Once a .pyd is loaded and its C++ code calls LoadLibrary("plugin.dll") itself — which is exactly what boost::dll::shared_library does, and therefore what boost_plugin_loader does — that C++ call uses the legacy Windows DLL search order, which respects PATH but ignores add_dll_directory. The fix is to prepend the package dir and <project-name>.libs/ to PATH in __init__.py before any submodule import. See src/tesseract_robotics/__init__.py for the canonical block.

Note the directory naming asymmetry that bites here: delvewheel uses the project's metadata name (tesseract-robotics-nanobind) for the libs dir, not the Python package name (tesseract_robotics). It is named tesseract_robotics_nanobind.libs/ on disk.

Diagnosing plugin-load failures

boost_plugin_loader's 'Failed to load symbol' is two errors in a trench coat

boost::dll-backed plugin loaders log Failed to load symbol 'X' in library: Y in two distinct cases that look identical from Python:

  1. LoadLibrary succeeded but GetProcAddress returned NULL — the symbol genuinely isn't in the DLL's export table.
  2. LoadLibrary returned NULL because a transitive dependency couldn't be resolved — the loader catches the boost exception and re-reports it as "Failed to load symbol".

On Windows, case 2 is far more common than case 1 and points the investigation in a completely different direction (DLL search path, bundled deps, delvewheel --analyze-existing) than case 1 would (__declspec(dllexport), symbol visibility flags). Always confirm with dumpbin /EXPORTS plugin.dll whether the symbol is actually present before assuming an export issue. The CI workflow's verify plugin factory exports step runs this check automatically and fails fast if the export table is the problem.

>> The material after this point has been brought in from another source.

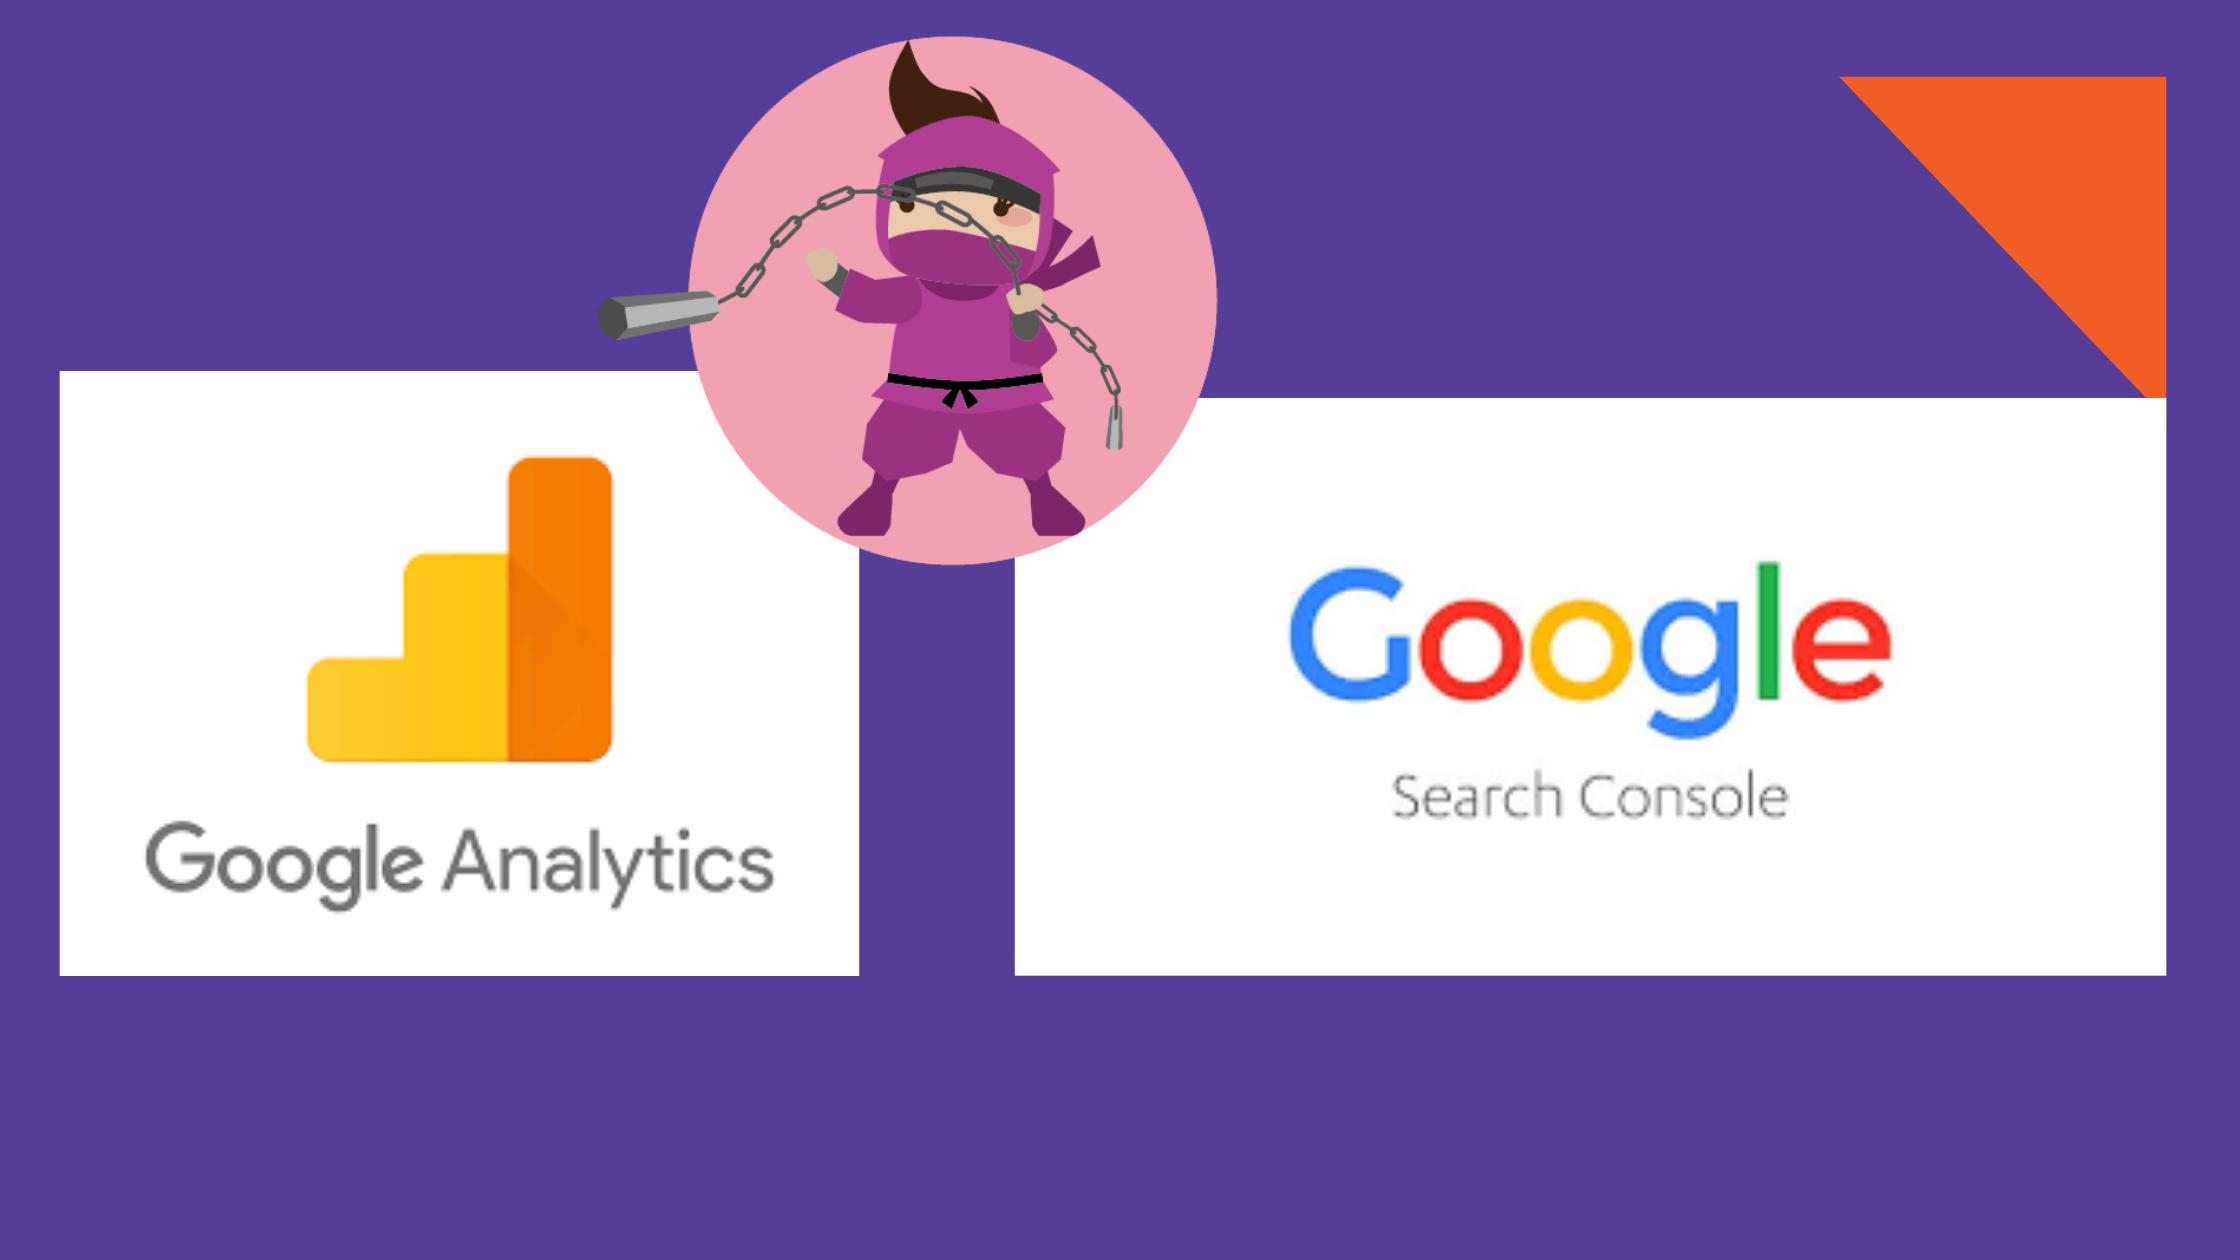 Googleアナリティクスとサーチコンソールの連携

Cereal polymorphic registration

Cereal's polymorphic registry is per-DLL on Windows MSVC — consumers must re-register types in their own TU

cereal stores its polymorphic-type registry in class-template statics (StaticObject<InputBindingMap<Archive>>, StaticObject<OutputBindingMap<Archive>>, ...). Linux and macOS linkers dedupe these template instantiations across shared libraries, giving the process one shared registry. MSVC does not — each DLL gets its own copy of every template static, with no automatic dllexport/dllimport plumbing in cereal headers to share them.

Consequence: an upstream library (e.g. tesseract_command_language.dll) that calls CEREAL_REGISTER_TYPE populates its own registry only. A downstream .pyd that does serialization reads from its own empty registry and fails at runtime with RuntimeError: Trying to save an unregistered polymorphic type. The type really is registered upstream — just not in the registry the consumer actually consults.

CEREAL_FORCE_DYNAMIC_INIT is not enough on its own. It anchors upstream's registration TU to keep the linker from stripping it, but doesn't bridge the registry gap on the consumer side.

The actual Windows fix is to mirror upstream's registration block in the consumer TU. For tesseract_command_language types (MoveInstructionPoly, CompositeInstruction, etc.) that means copying every CEREAL_REGISTER_TYPE and CEREAL_REGISTER_POLYMORPHIC_RELATION line from upstream tesseract_command_language/src/cereal_serialization.cpp into our binding. Re-registration is a no-op on Linux/macOS (cereal tolerates duplicate registrations of the same {type, archive} pair) and populates the consumer's per-DLL registry on Windows. See src/tesseract_serialization/tesseract_serialization_bindings.cpp for the canonical placement; keep CEREAL_FORCE_DYNAMIC_INIT(LibName) as belt-and-suspenders on the producer side.